But under the polytunnels, the fruit was protected, including strawberry varieties being grown in the ground as part of the trial.

“The question that needs to be answered is whether it’s actually viable, unless we can grow it cost effectively in here it doesn’t stack up,” Mr Scurr said.

The polytunnels protected the crops against significant rain events earlier this year and are designed to withstand hail up to four centimetres round. “This region doesn’t get a lot of hail, but when you do it can be very damaging and our season last year finished because we got a hail storm in late September,” he said.

“While they’re new we’re expecting them to protect us from hail, once the plastic gets a bit older and starts to break down, in a few years time it won’t be as robust but they’re all the sorts of things we need to prove,” Mr Scurr said.

Innovation inevitable

The tunnels also allow for investment in softer varieties of strawberries, like the Albion.

“The Albion is a very good variety flavour-wise but one of its downsides is it’s very susceptible to rain. It doesn’t like rain and that’s fairly typical of strawberries, the better the flavour the softer they are, which means the rain has more impact,” he said.

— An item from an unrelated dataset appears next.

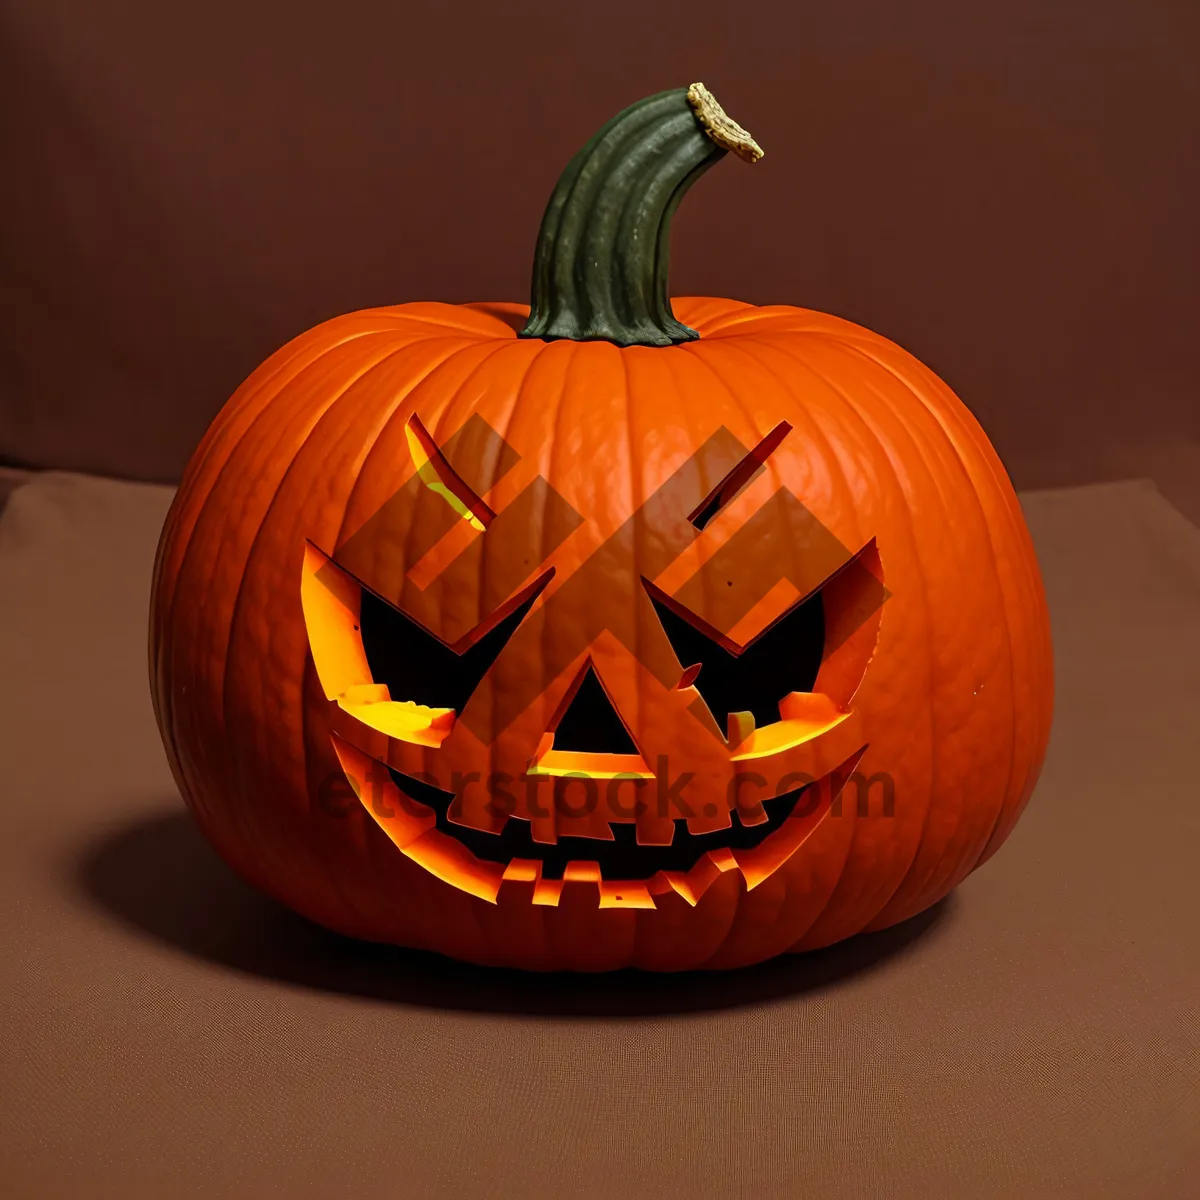 Picture of Spooky Jack-O'-Lantern Illuminating Fall Celebration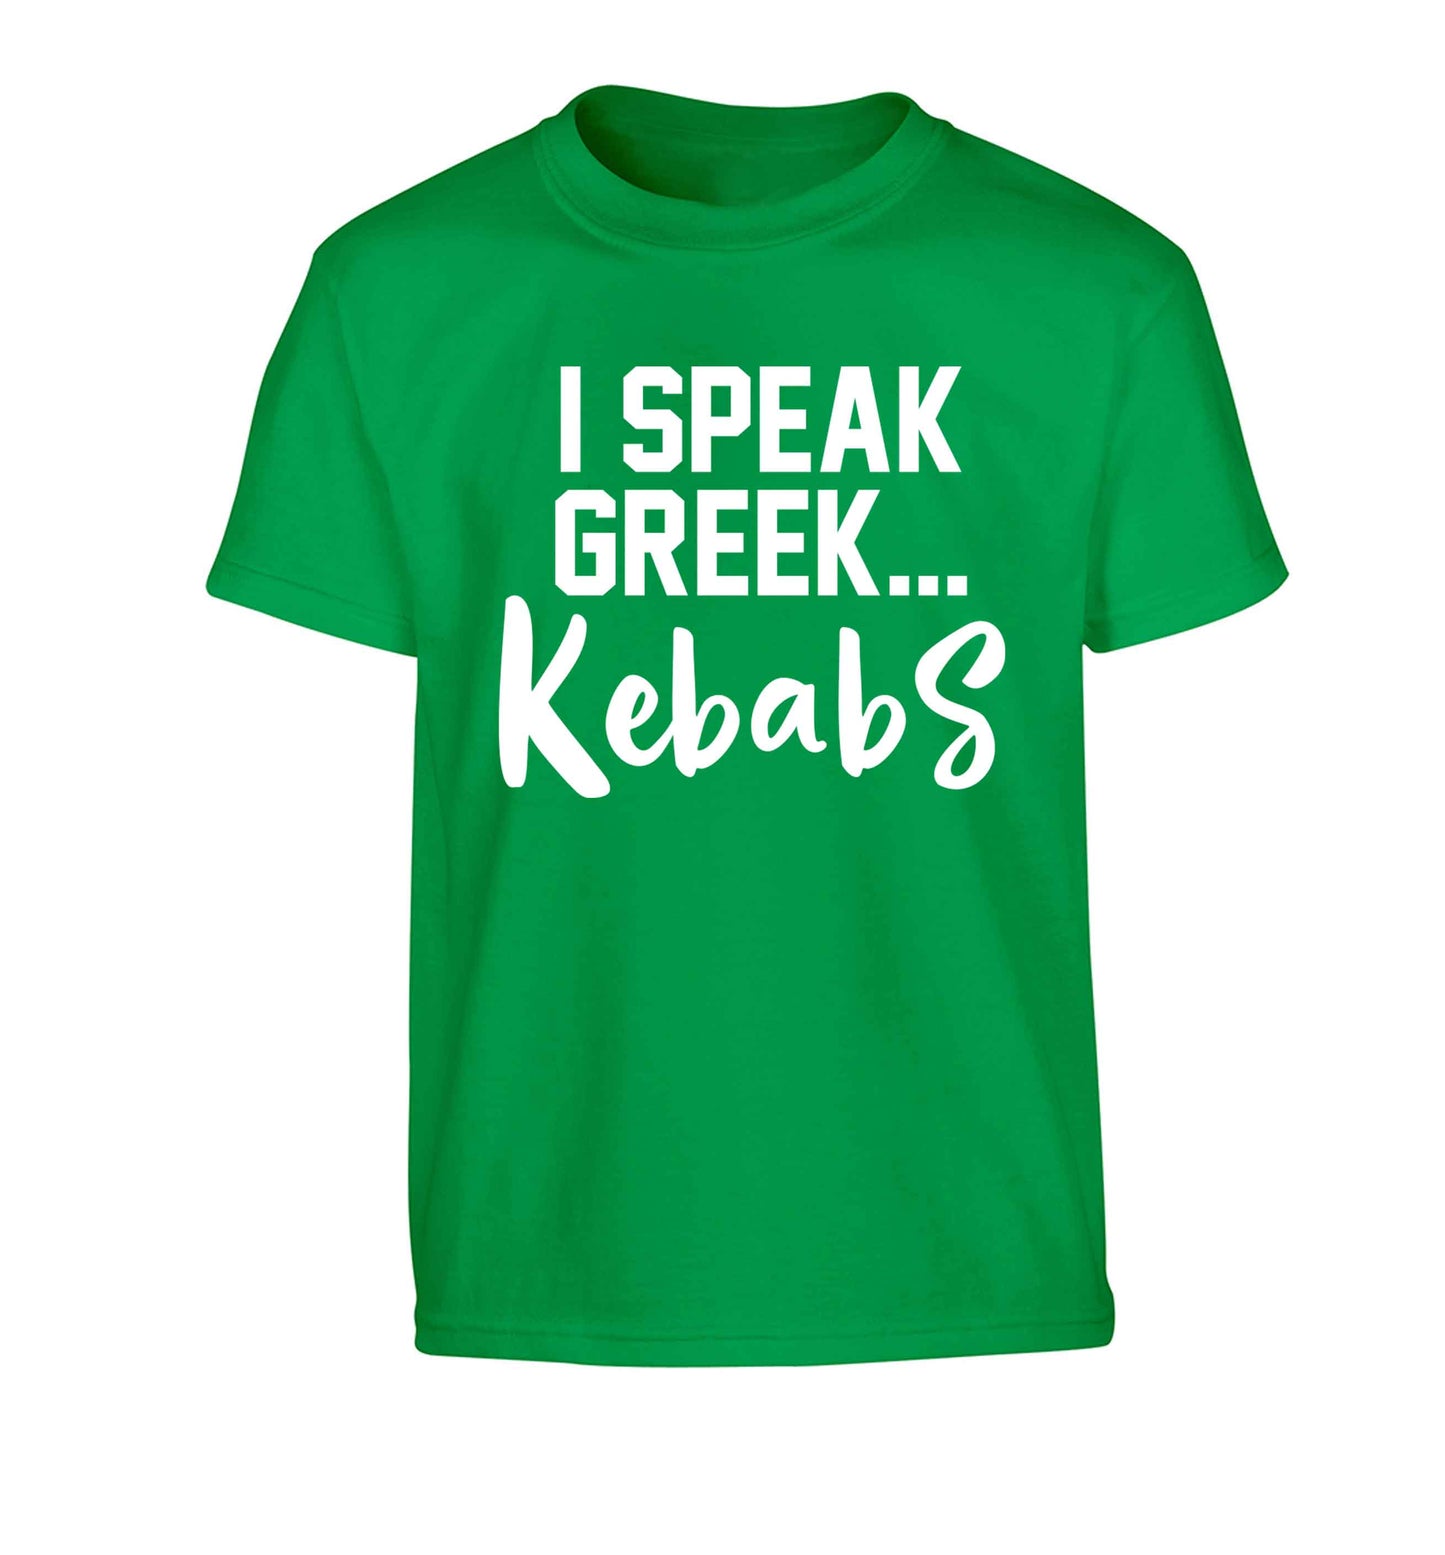 I speak Greek...kebabs Children's green Tshirt 12-13 Years

“We thought well if we’re going to grow something in a high-cost environment we really want the best and hence the bulk of our production on the substrate is Albion. “They eat fantastic, they look good and even though we’ve had a small volume so far the customers that have had them have been rapt. “Other parts of the world have gone this way so I think it’s inevitable that we will end up this way as an industry.

“We thought the sooner we start learning to grow in these conditions, the better it will be for us and also for the Australian industry, it needs people to have a go at things like we’re doing. “Plenty of other strawberry growers have been innovative in doing other things as well and it’s good to have some examples of what things could be like in the future.

“It’s always exciting to do something new and something different. “It’s certainly a motivator for our staff. Our staff are proud to be involved with a company that’s trialling new things and new initiatives and that alone helps you attract staff.

“They want to come and work for us, rather than a job somewhere else, which is good but it all comes down to economics, whether we keep doing it.”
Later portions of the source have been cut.